So Donald Trump hits Davos today. On one level, to the Davos crowd, he’ll always be a guy from Queens who made his money in a grubby business. At the same time, the globalists have reason to be happier with Trump than some of his more extreme campaign rhetoric might have suggested. He gave them a huge tax cut anyway.
And most of all: Like it or not, he is presiding over a strong economy. It may not be his doing, considering that until the tax bill passed, he did nothing. But the facts are the facts.
I have a lot of conversations with liberals who say, “I can’t wait for 2020” or “2020 can’t come soon enough.” I agree. We need to get to the next election, in one piece. And Trump should be eminently beatable.
But lately I’ve been thinking. Worrying.
It’s not so much about the putative Democratic field, although I should say that I’m some distance from being bowled over by it. They have strengths—and glaring weaknesses. But let’s not make this column about them. It’s too early for all that.
What it isn’t too early for is a critical examination of some assumptions most liberals seem to be making about how beatable Trump is. I count four.
1. His approval numbers are so low he can’t possibly win.
That might be true. But I still remember the Dubya experience. If you can read this chart closely enough, you’ll see that for virtually all of 2004, Bush was below 50 percent. But in the poll that mattered, on November 2, he got 50.73 percent. Obviously, a certain percentage of voters looked at the competition, decided John Kerry was worse, and unenthusiastically stuck with the devil they knew.
As I write these words, Trump is at 41 percent, according to HuffPo Pollster. He’s not at 35 anymore. He’s made a little rebound lately. I know, it’s inconceivable to me too, but there we have it. Suppose the economy holds out all that time. Suppose he doesn’t start World War III. Suppose he just stops tweeting. You hear interviews with people in the street, people who obviously don’t know much, and the first thing they all say is, “I wish he’d stop tweeting.” What if he did?
He’d be up to 43, 44, 45. And remember—he “won” with 47 percent. That dope Jill Stein may well run again, and who knows who else. So as long as he’s within shouting distance of 47 by January 2020, his approval ratings will be nothing to take solace in.
2. People are so embarrassed by him that they can’t possibly reelect him having witnessed his behavior as president for four years.
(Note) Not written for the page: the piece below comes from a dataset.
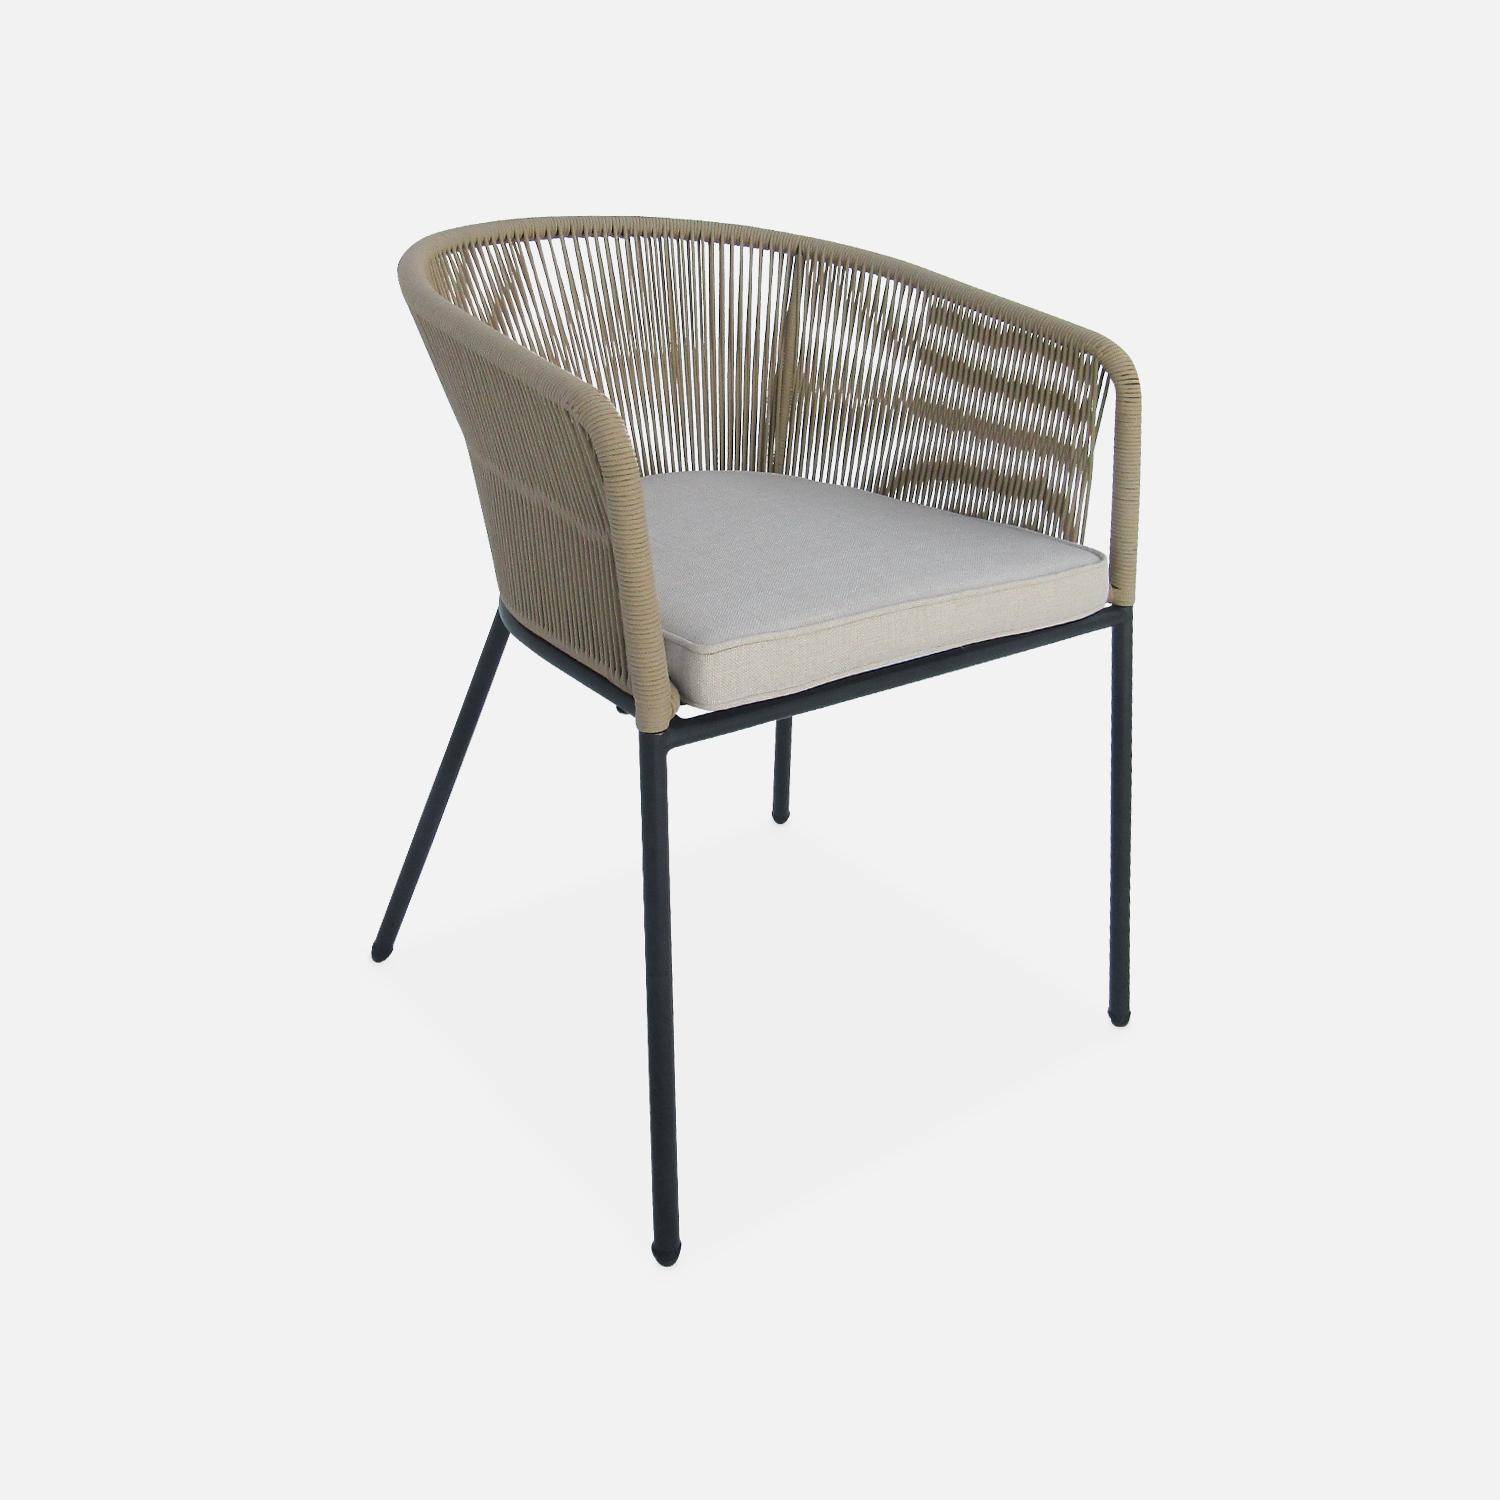 Table à manger bois d'acacia ronde, intérieur / extérieur + 4 fauteuils en corde beige et acier,sweeek,Photo6

This brings to mind Nora Ephron’s old joke about not understanding how Ronald Reagan could have been reelected as she didn’t know a soul who voted for him. That is to say, yes, liberals can’t stand the sight of the guy. The mere thought of the guy. A liberal turns on NPR in the morning and hears one of those somnolent voices say “President Trump yesterday…” and still goes “WHAT?!?”
But we cannot make the mistake of thinking that non-liberals react that way. They don’t. Obviously, conservatives don’t react that way, but I don’t mean them. I mean the sliver of people in the middle who aren’t all that political but will vote for president. My guess is these folks do find Trump kind of embarrassing, and kind of dangerous, too; but those thoughts don’t overpower everything else they think about him. It’s not inconceivable to them that the man is president. He ran, like all the others. He won. It was weird, but he won.
Trump is plausible to them as the president of the United States. They aren’t aghast at the mere idea of it. Hillary Clinton probably talked a little too much this way, assuming people’s aghastness. But non-liberals aren’t aghast, and certainly won’t be in the fall of 2020 if there’s a good economy and no wars.
3. A non-Hillary woman, without her unique baggage, can win.
Again, maybe. But I’m not so sure. Trump will run a flagrantly misogynistic campaign against any woman. And Fox News will move heaven and earth to keep Donald Trump from losing to a liberal feminist woman. It’ll be the most disgusting campaign any of us has ever seen. It will be denounced everywhere.
And it might work. Because there’s obviously a part of men’s brains, most men, that is really resistant to having a woman president. How in blazes did Trump get one-third of Latino men? His campaign was predicated on smearing Latinos as a group. But I’m not singling them out. Too many men in general voted the male vote. Trump cruised among white non-college men. But he won big among white male college grads, too—53 to 39.
The attacks will be sexist, awful, relentless. The men witnessing them will know they’re all those things. And yet, some part of the attacks will lodge in that moldy corner of men’s brains that entertains such notions and take hold. Polls won’t pick it up, as indeed they didn’t pick up Trump’s male Latino vote. But it’ll be there.
4. Robert Mueller will take care of everything.
I think he might. I still say Trump admitted to obstructing justice on national TV in that Lester Holt interview, so it’s hard for me to see how Mueller doesn’t at least pin an obstruction charge on Trump. But of course he’s the president. He can’t be indicted, at least probably not by Mueller.
And what if Mueller never finds any proof that Trump himself was in on any Russia collusion? I can picture Trump sliding out of that, what with the whole Republican Party and Fox News and all the rest of them hammering away at the investigation as illegitimate and compromised and all those other things they’re making up.
If the economy tumbles, everything’s different, and he may well be easy to beat. But if it holds, corporate America will make its peace with him. Republicans will be with him up and down. The convention will be a lovefest.
Democrats need to realize this. Their fundamental horror at the man’s very existence is not shared. They have to nominate a good candidate who has to run a good campaign. It’s depressingly easy for me to picture neither of those things happening.